*WORK REQUIRED*: Skip the pictures and copy all the data that follows exactly.

*INFORMATION SHOWN*:
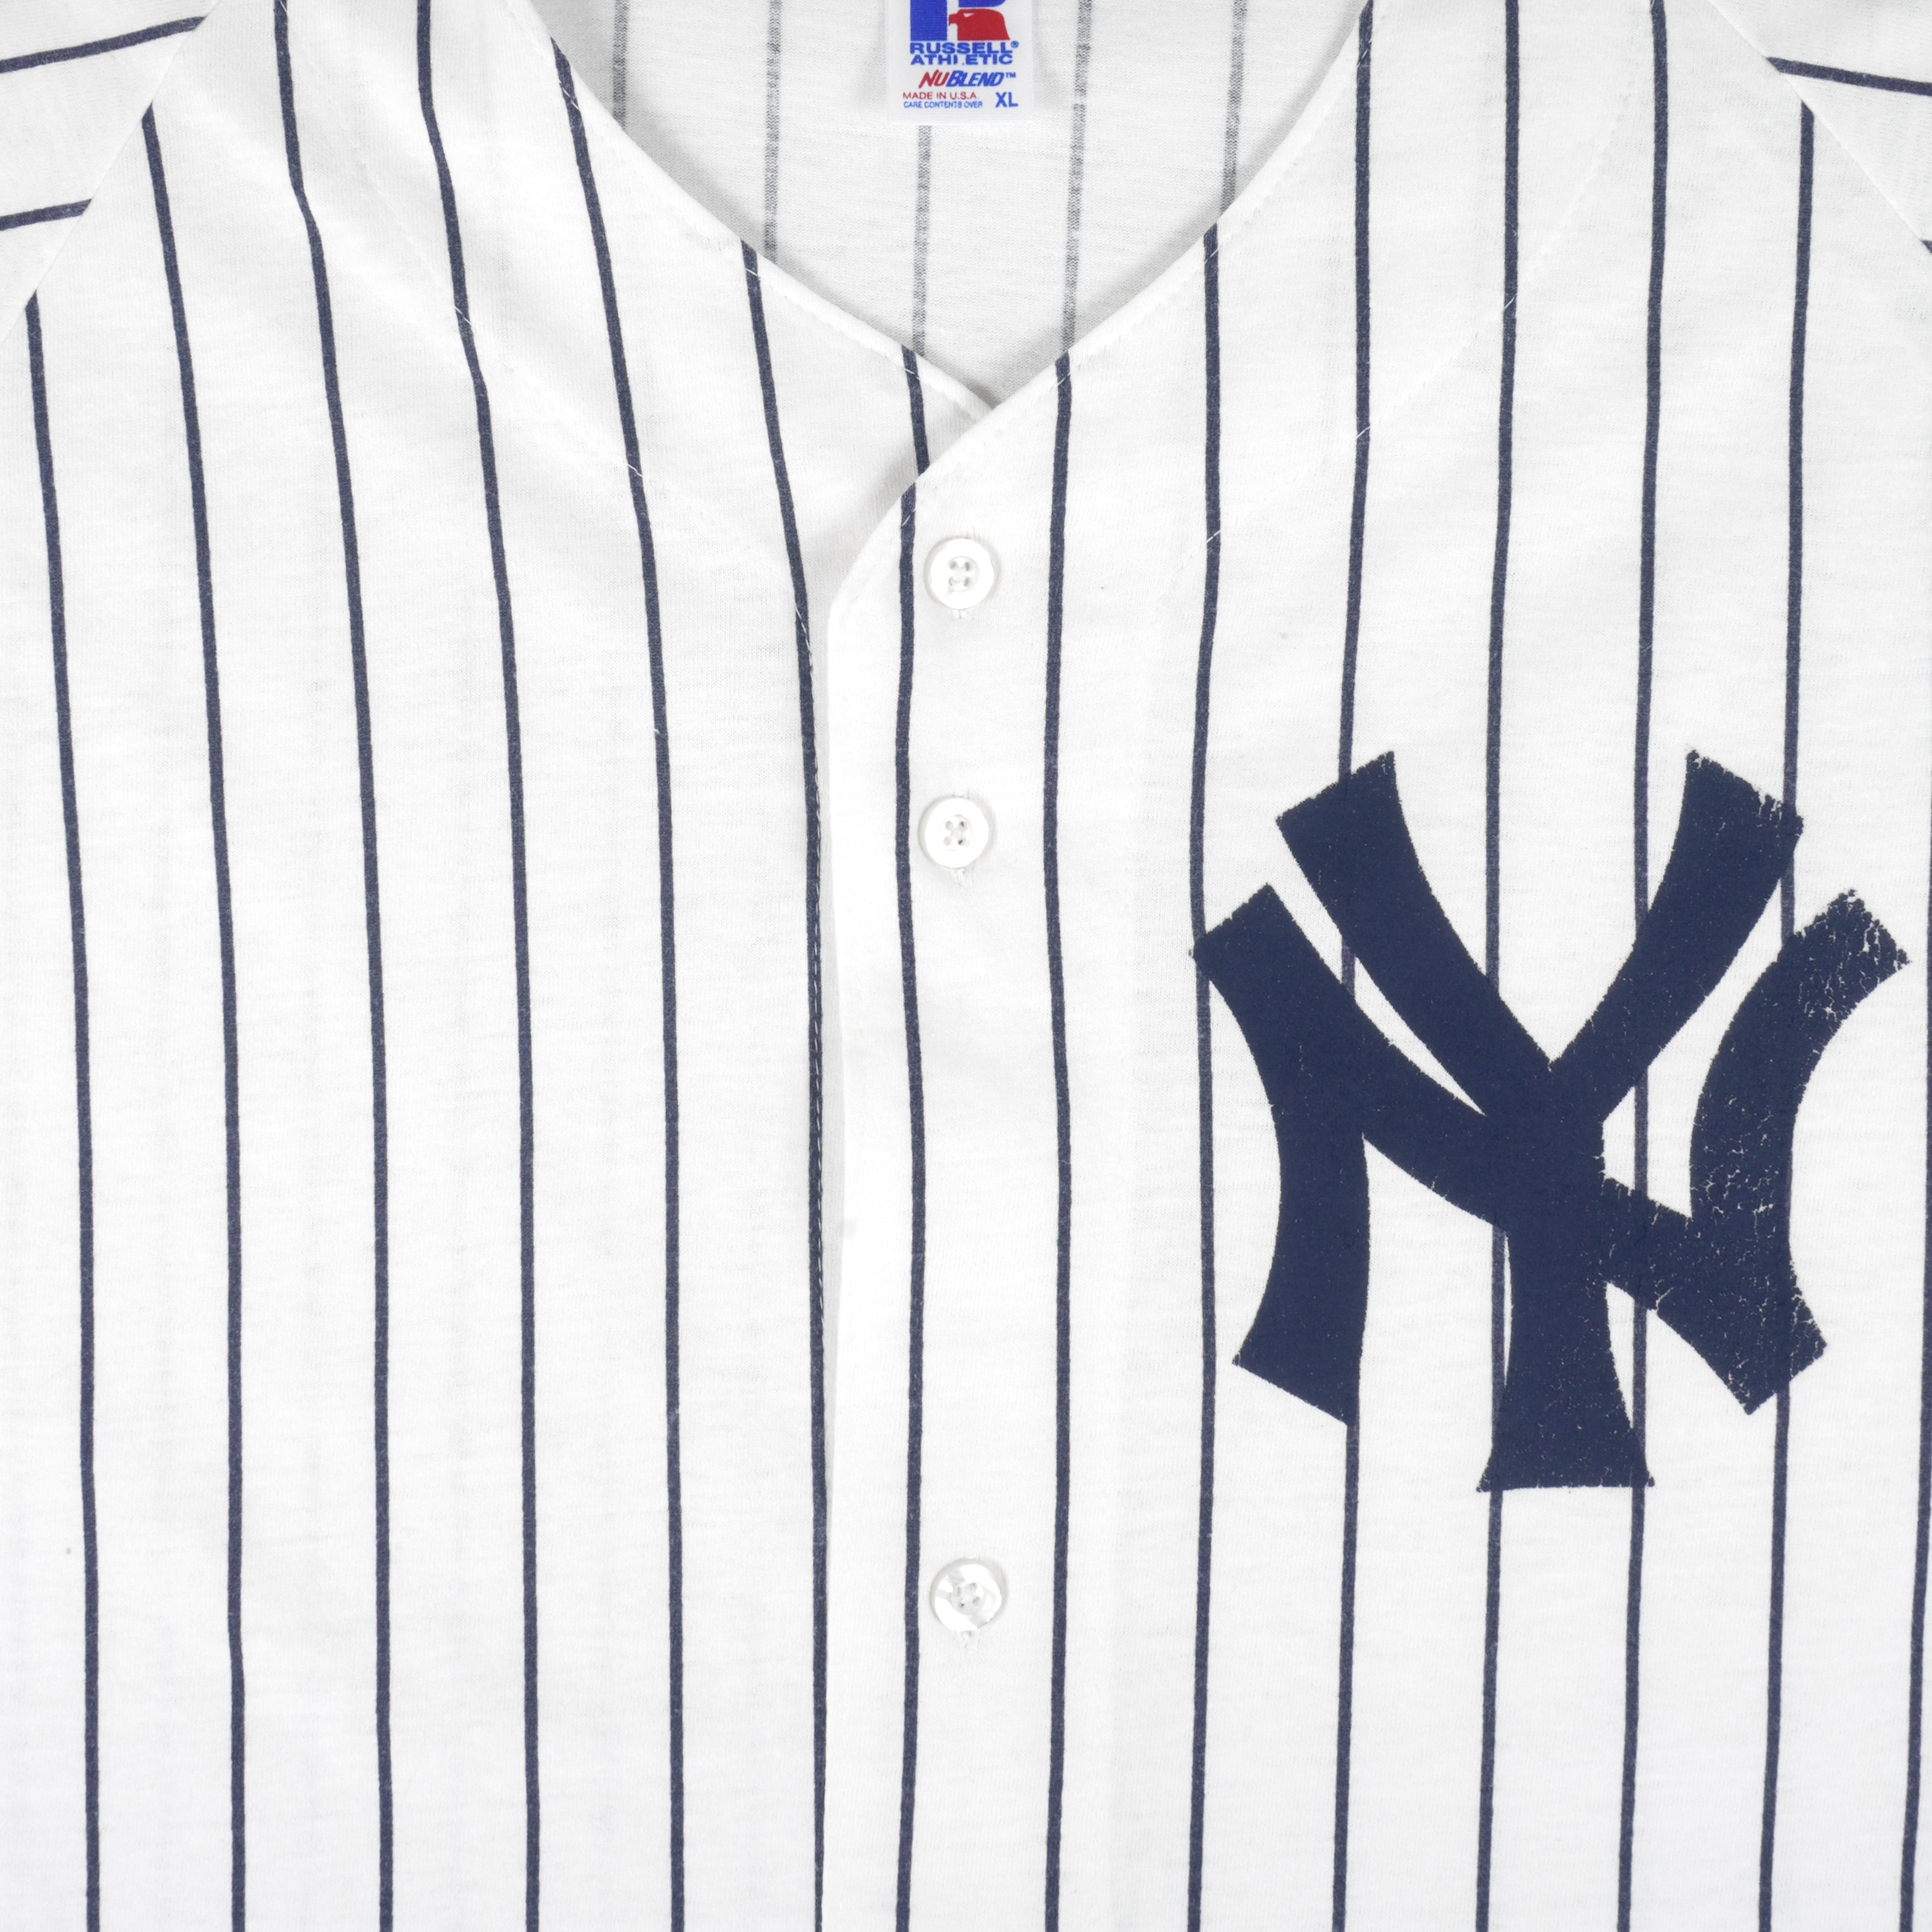 New York Yankees Team-Issued White Pinstripe Postseason Jersey from the  2017 MLB Postseason - Size 42
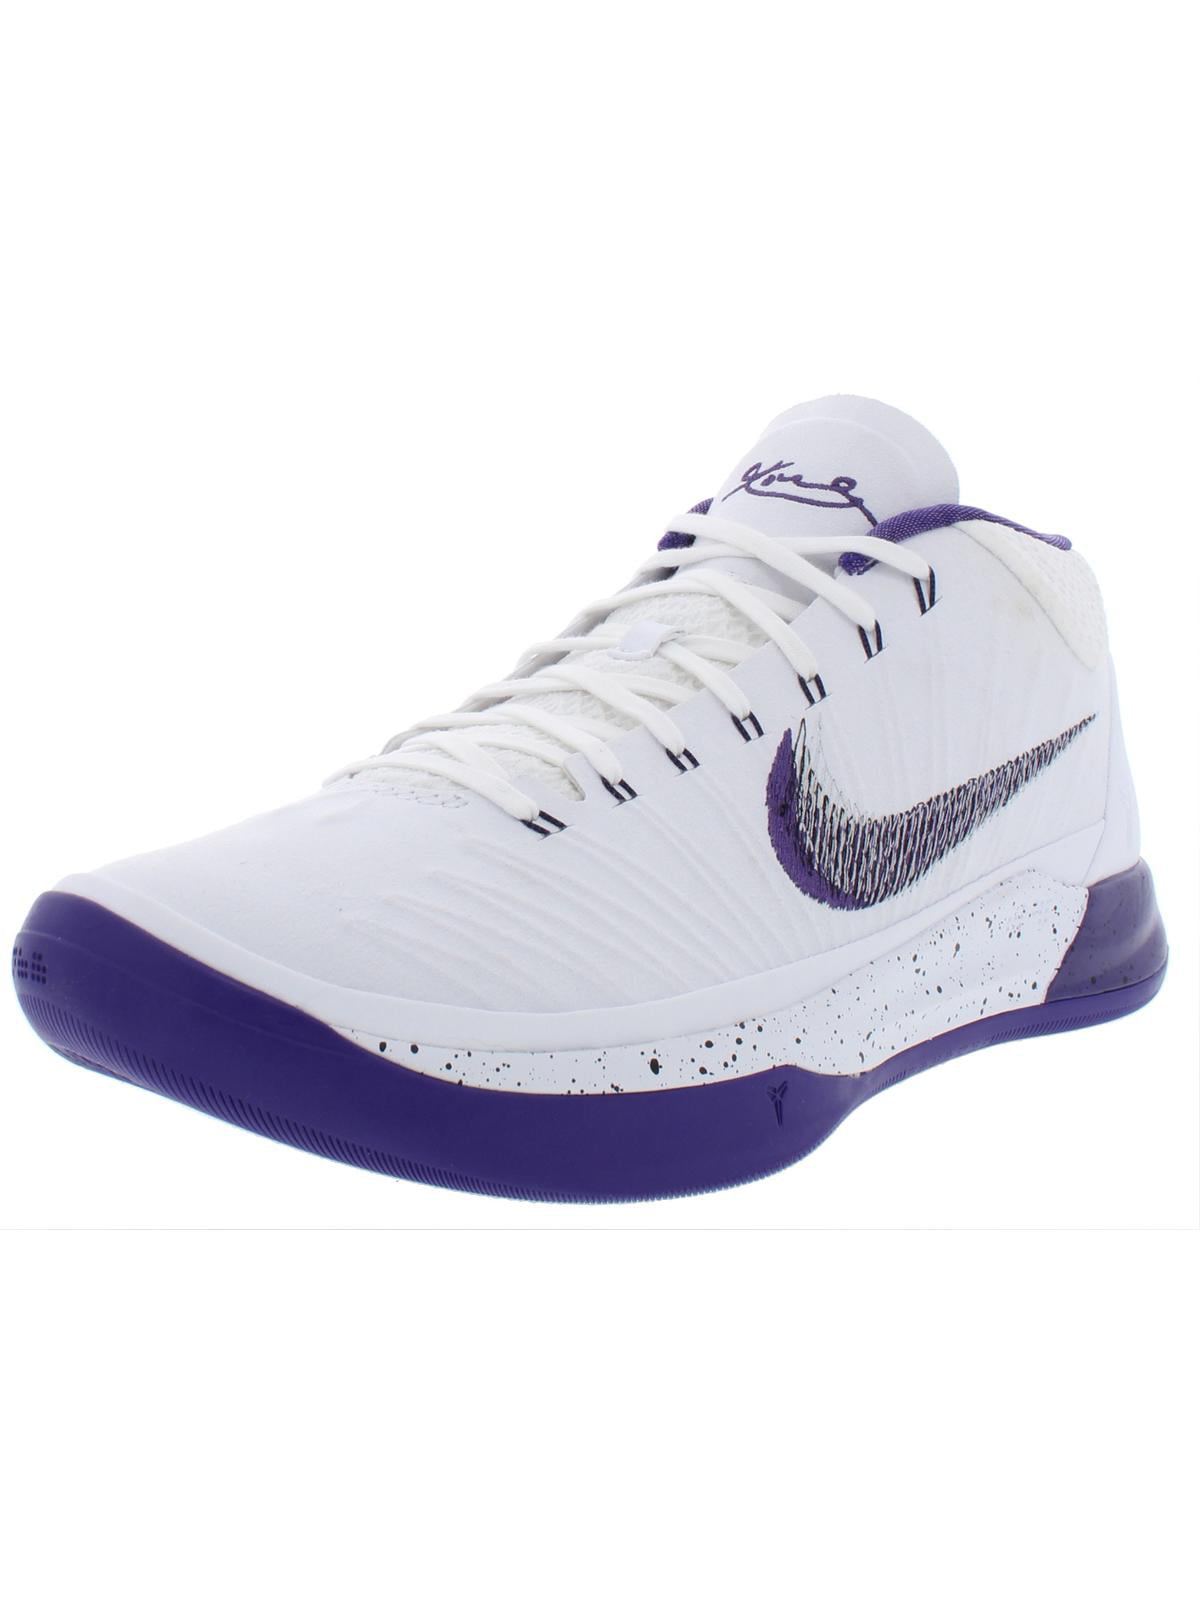 artikel gemakkelijk prioriteit Nike Mens Kobe AD Padded Insole Sport Basketball Shoes White 8.5 Medium (D)  - Walmart.com
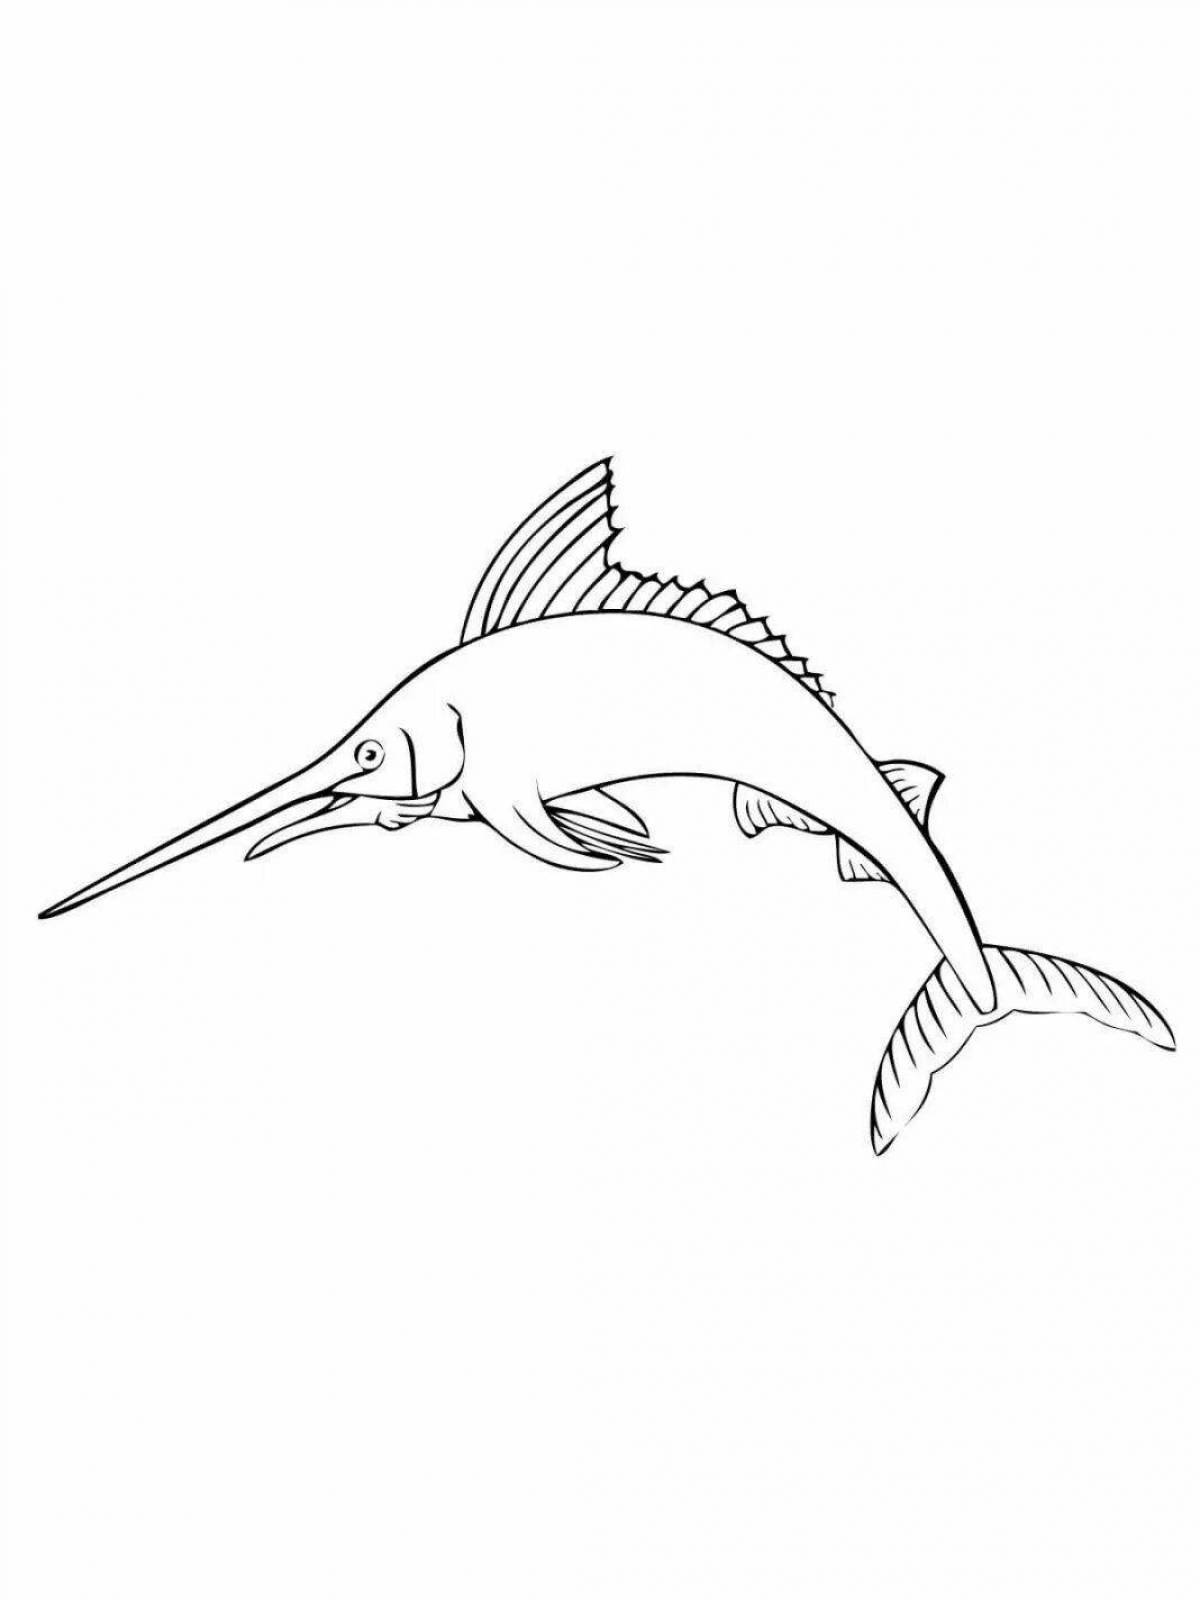 Exquisite swordfish coloring page

*RESULT*:
 New York Yankees Team-Issued White Pinstripe Postseason Jersey from the  2017 MLB Postseason - Size 42
 artikel gemakkelijk prioriteit Nike Mens Kobe AD Padded Insole Sport Basketball Shoes White 8.5 Medium (D)  - Walmart.com
 Exquisite swordfish coloring page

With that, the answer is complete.